Jack’s Tomorrow is pleased to announce the addition of Benjamin T. Cocanougher, M.D., Ph.D., to its Scientific Advisory Board. A physician-scientist with a clinical focus on neuromuscular and neurodevelopmental disorders, Dr. Cocanougher brings valuable bench and clinical trial experience that will inform Jack’s Tomorrow’s efforts to find a treatment and cure for PURA syndrome.

PURA syndrome is a rare neurogenetic disorder caused by mutations in the PURA gene. The condition, which was first identified in 2014, can lead to moderate-to-severe developmental delays and learning disabilities, low muscle tone (known as hypotonia), seizures (epilepsy), and other health challenges. To date, roughly 805 people across 64 countries have been diagnosed with PURA syndrome with case numbers expected to grow as access to genetic testing increases. Currently, there is no cure nor approved treatments for PURA syndrome.

“Dr. Cocanougher is a welcome addition to our Scientific Advisory Board,” said Kyle Czepiel, Co-Founder, Jack’s Tomorrow. “He is a dedicated and talented clinical researcher and geneticist whose experience and commitment to helping pediatric patients and their families will help steer the cutting-edge research needed to find treatments for children with PURA syndrome.”

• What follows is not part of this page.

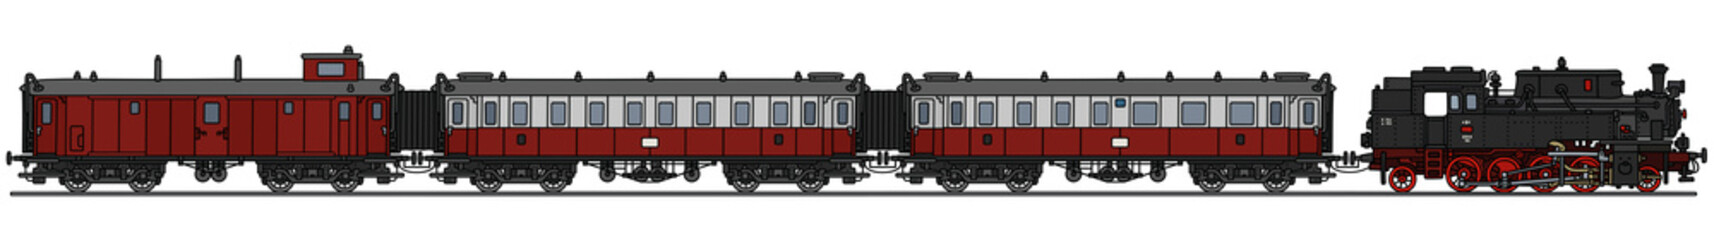 Hand drawing of a classic red steam train

Dr. Cocanougher currently serves as an attending physician, medical geneticist and assistant professor with the Division of Human Genetics at Cincinnati Children’s Hospital Medical Center and the University of Cincinnati’s College of Medicine in Ohio. He leads a research lab focused on understanding the molecular basis of neurodevelopmental disorders, including PURA syndrome, and using those mechanistic insights to develop new precision medicine therapies. To date, Dr. Cocanougher’s research has focused on rare disorders, including PURA syndrome, GPCR-related genetic disorders, Pompe disease and Glycogen Storage Diseases, NFIX-related Malan syndrome, and FGFR3-related skeletal dysplasias. He has served as principal investigator on international industry-sponsored drug trials for skeletal dysplasias and has co-authored more than 20 peer-reviewed publications in basic and translational research, including high-impact articles in Cell, Neurology, and Neuron, among others.

“I’m honored to be a part of the Scientific Advisory Board at Jack’s Tomorrow. The Foundation is forward-thinking and has made tremendous progress in disease modeling and therapy development in a short period, which is difficult to do for ultra-rare disorders. I look forward to working with Jack’s Tomorrow to eliminate barriers to therapy development in order to work towards treatments that improve the quality of life for individuals with PURA syndrome and their families,” said Dr. Cocanougher.

Dr. Cocanougher received his medical degree with a distinction in research from the University of Rochester in New York and was a Gates Cambridge Scholar at the University of Cambridge, United Kingdom, where he earned a Ph.D. in neuroscience. He completed clinical training in pediatrics, medical genetics and genomics at Duke University in North Carolina.